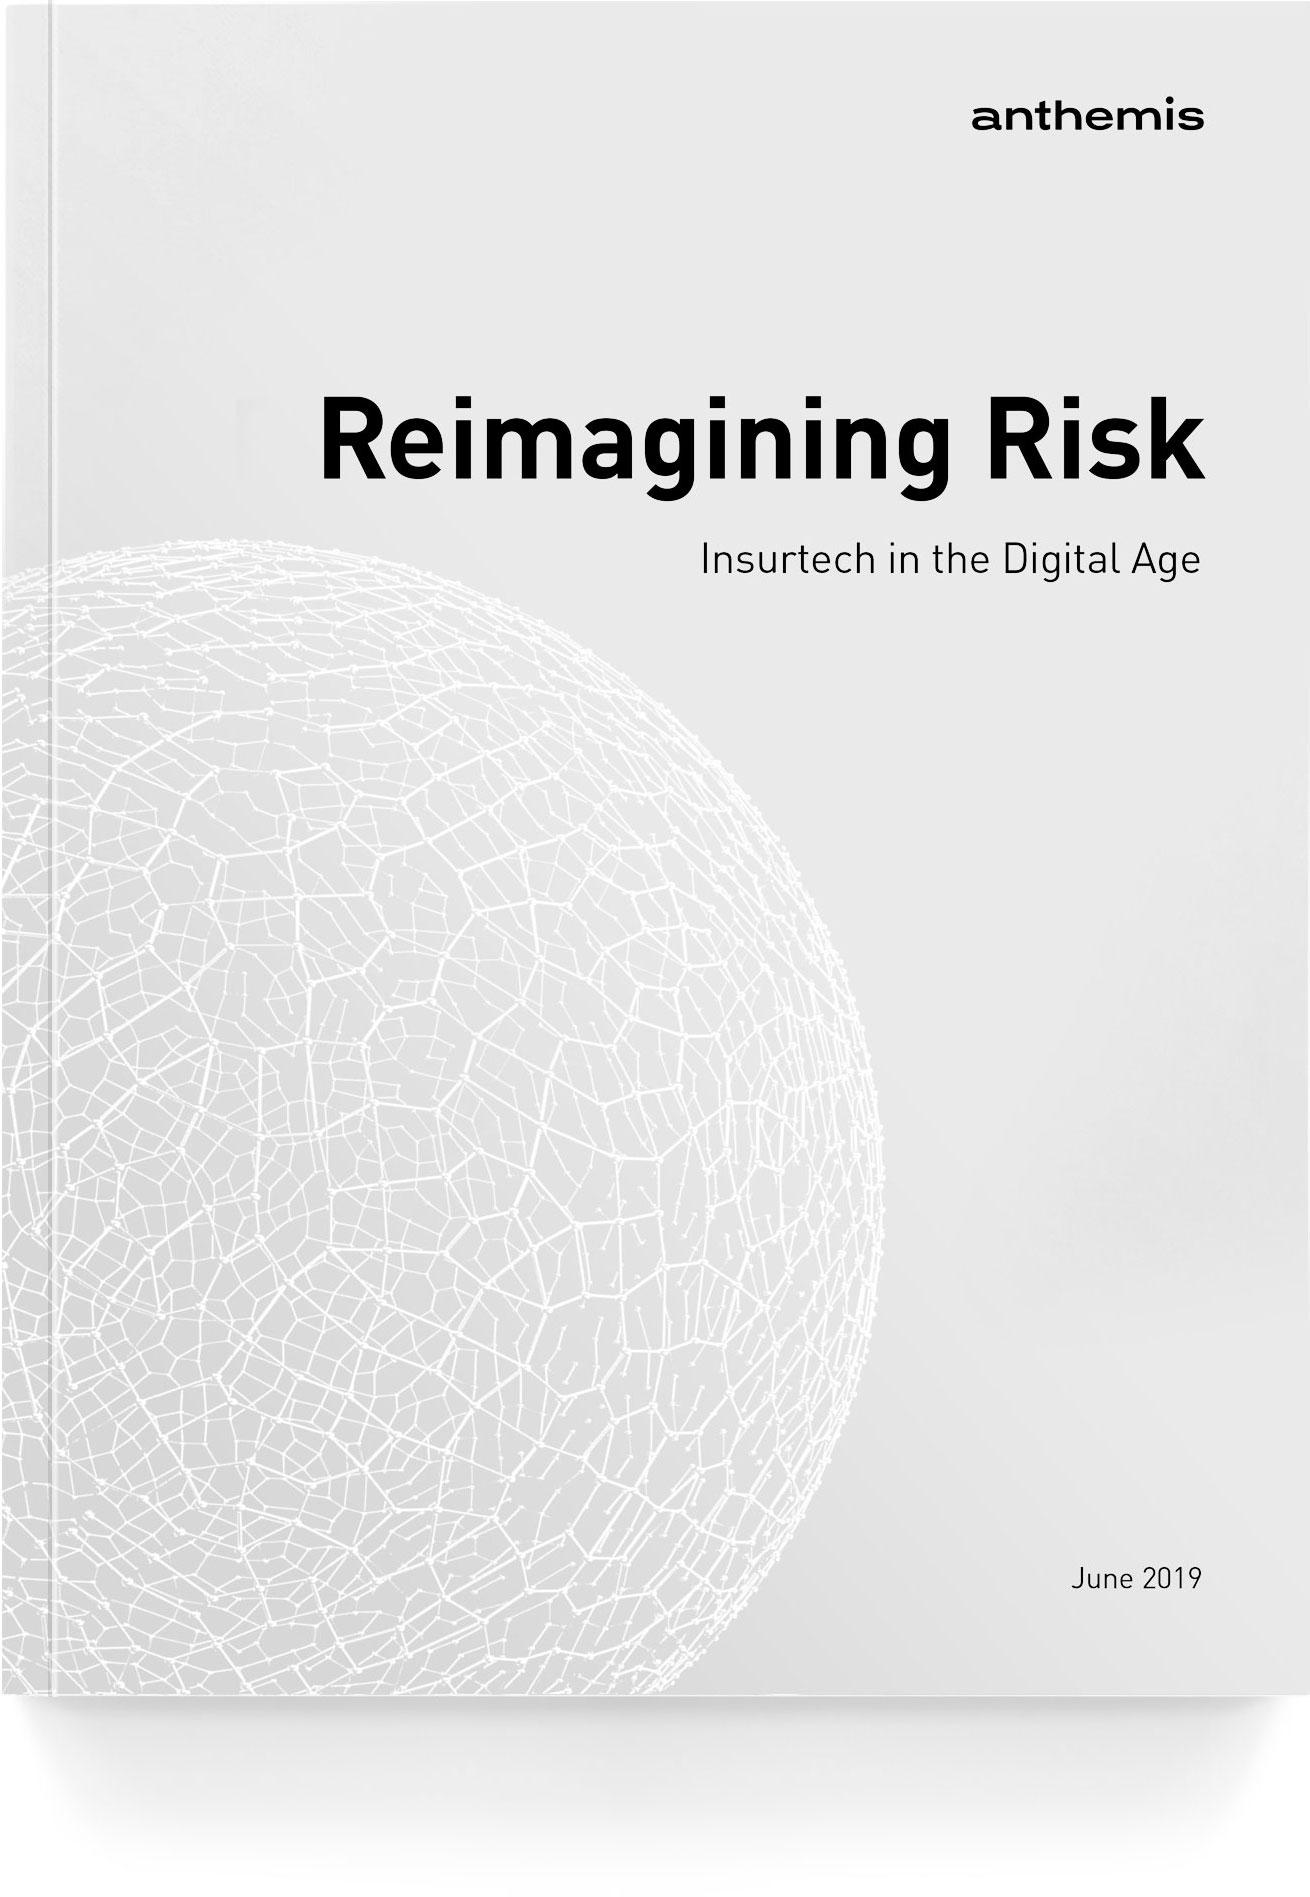 reimagining-risk-insurtech-in-the-digital-age-june-2019-cover-v2
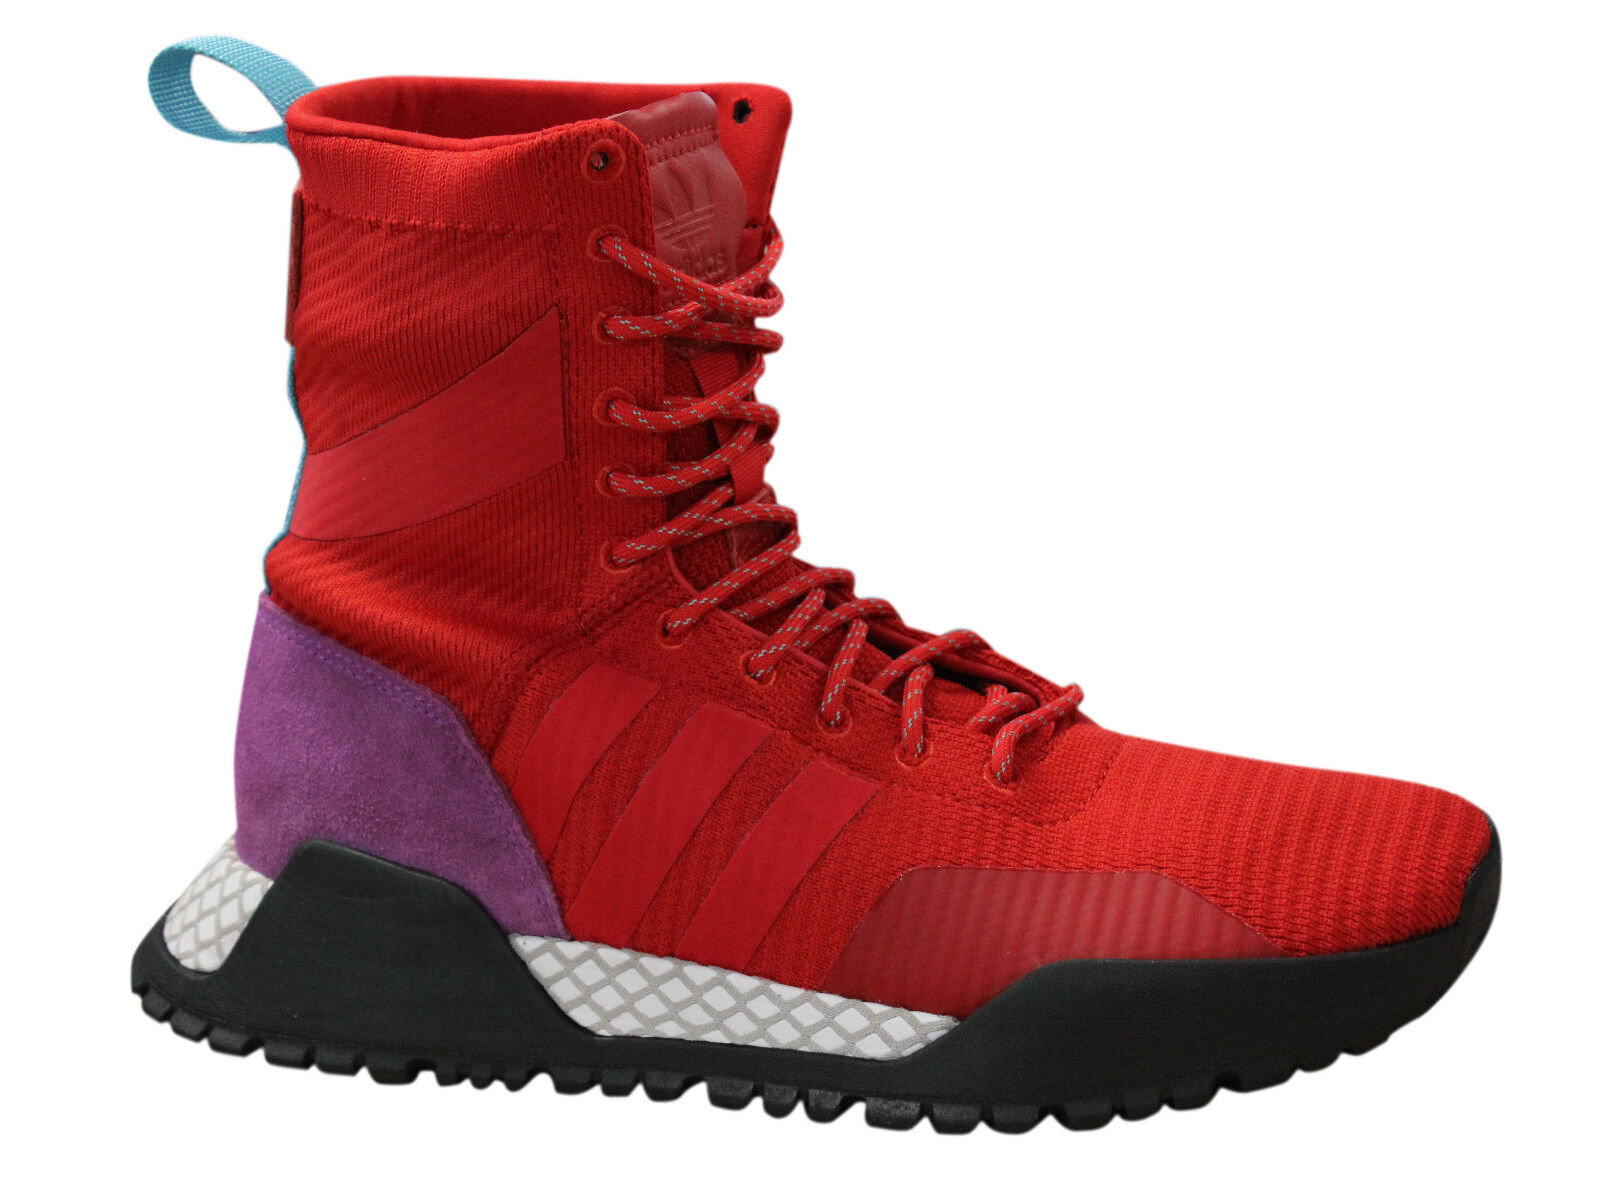 adidas Originals A.F 1.3 Primeknit Boot Schuhe Rot für
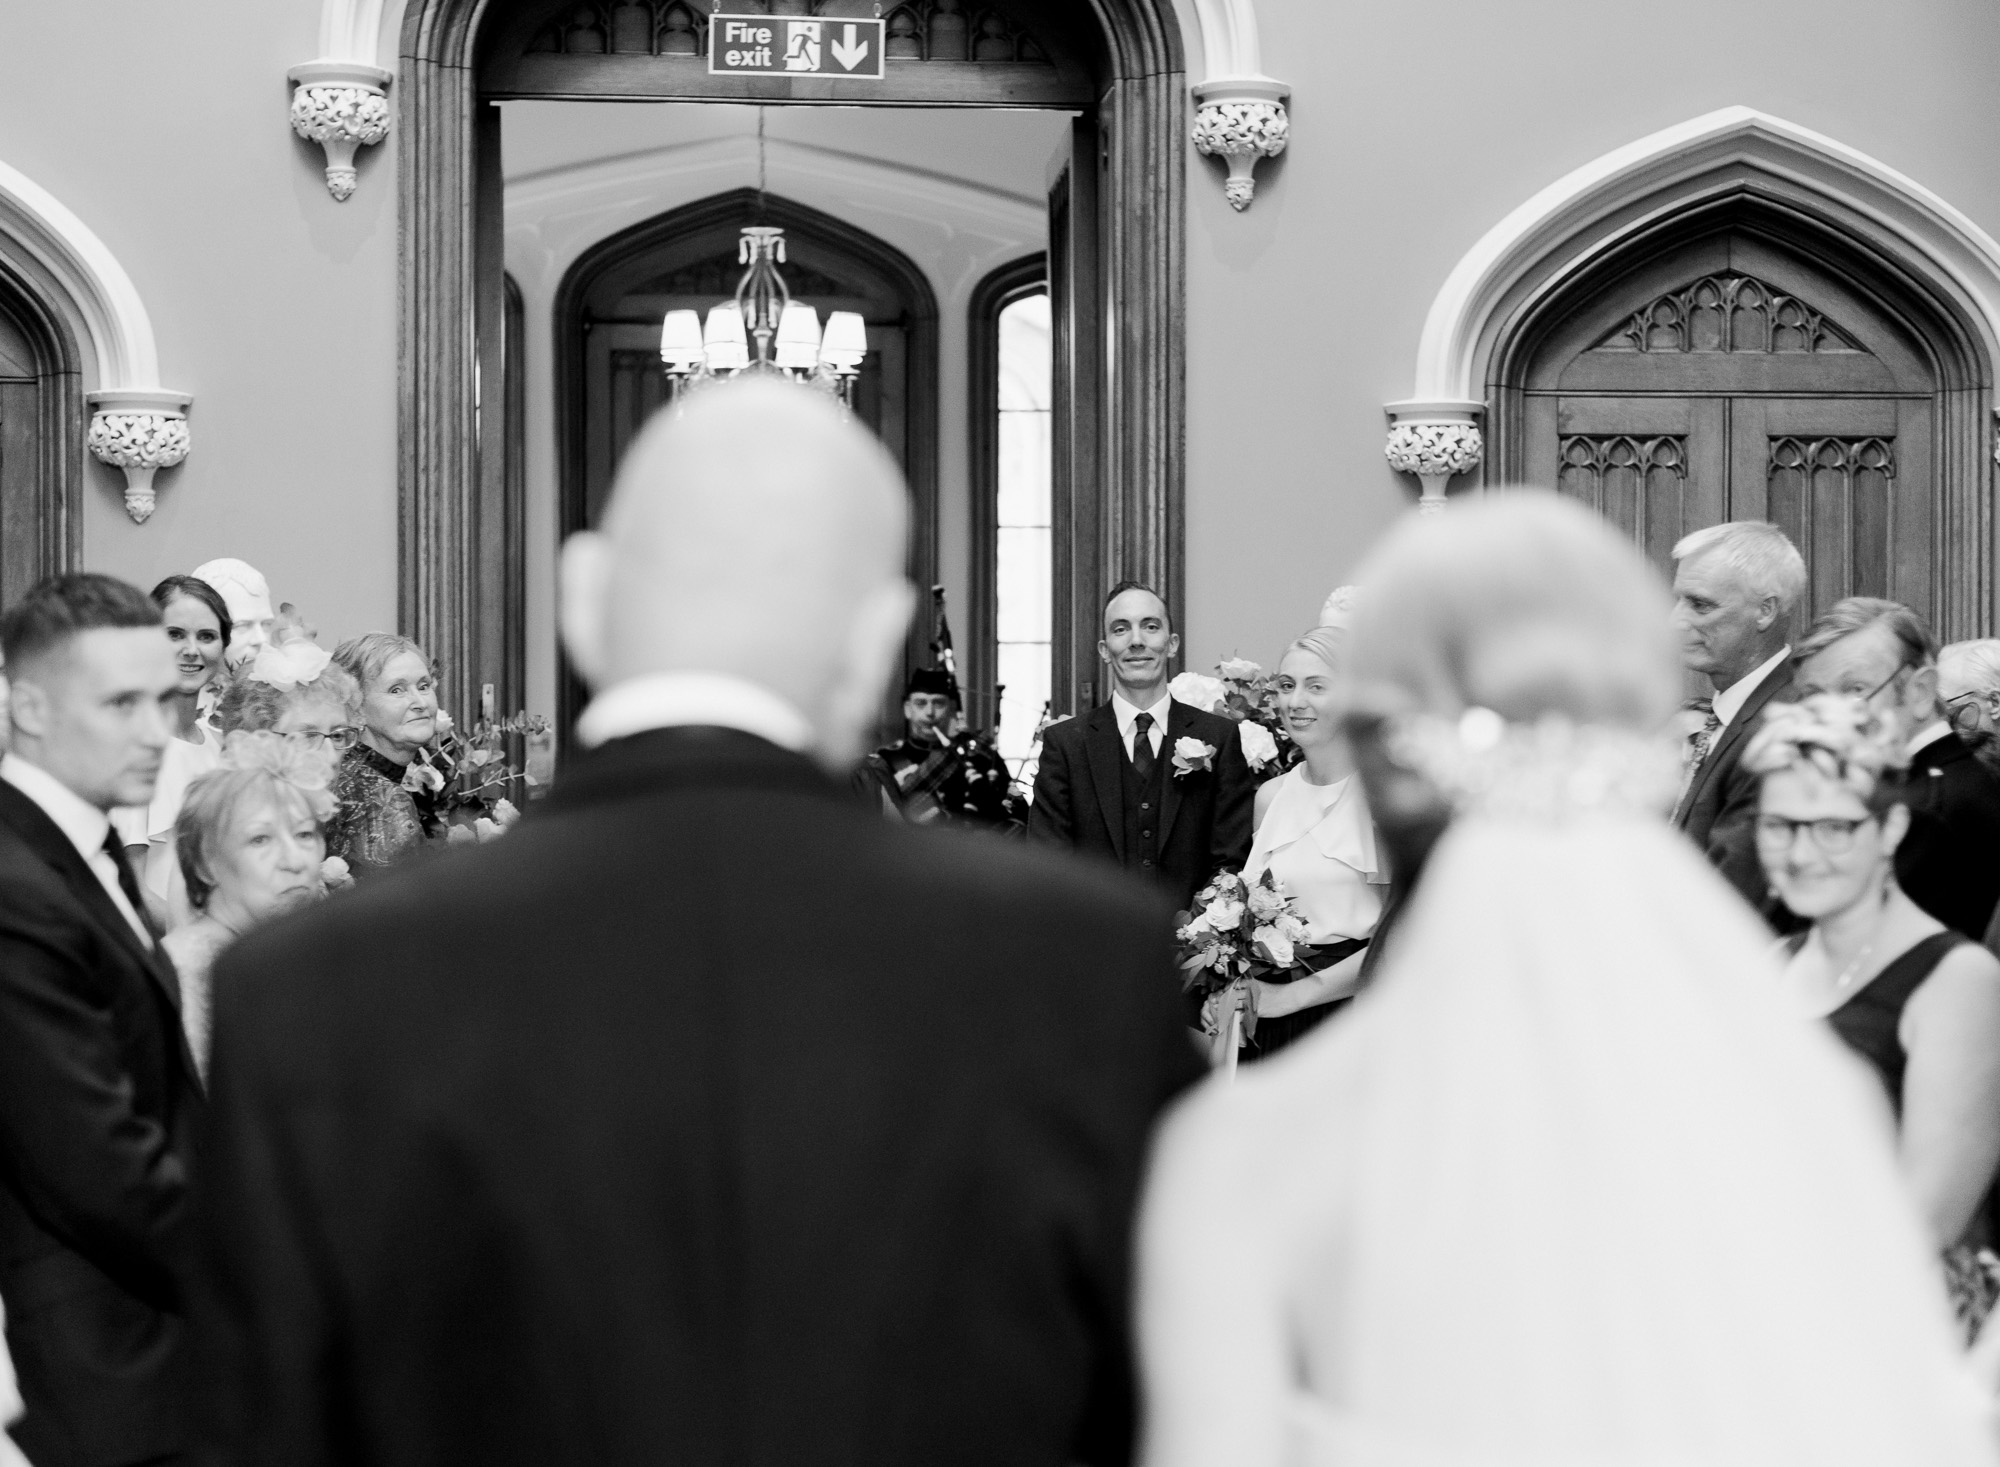 scottish_wedding_blairquhan_castle-64.jpg

____________________

## Task instructions:
Please return exactly the lines from the one containing "adidas Originals A.F" through the end of the material above, both ends included, but not the pictures.

## Task output:
 adidas Originals A.F 1.3 Primeknit Boot Schuhe Rot für
 scottish_wedding_blairquhan_castle-64.jpg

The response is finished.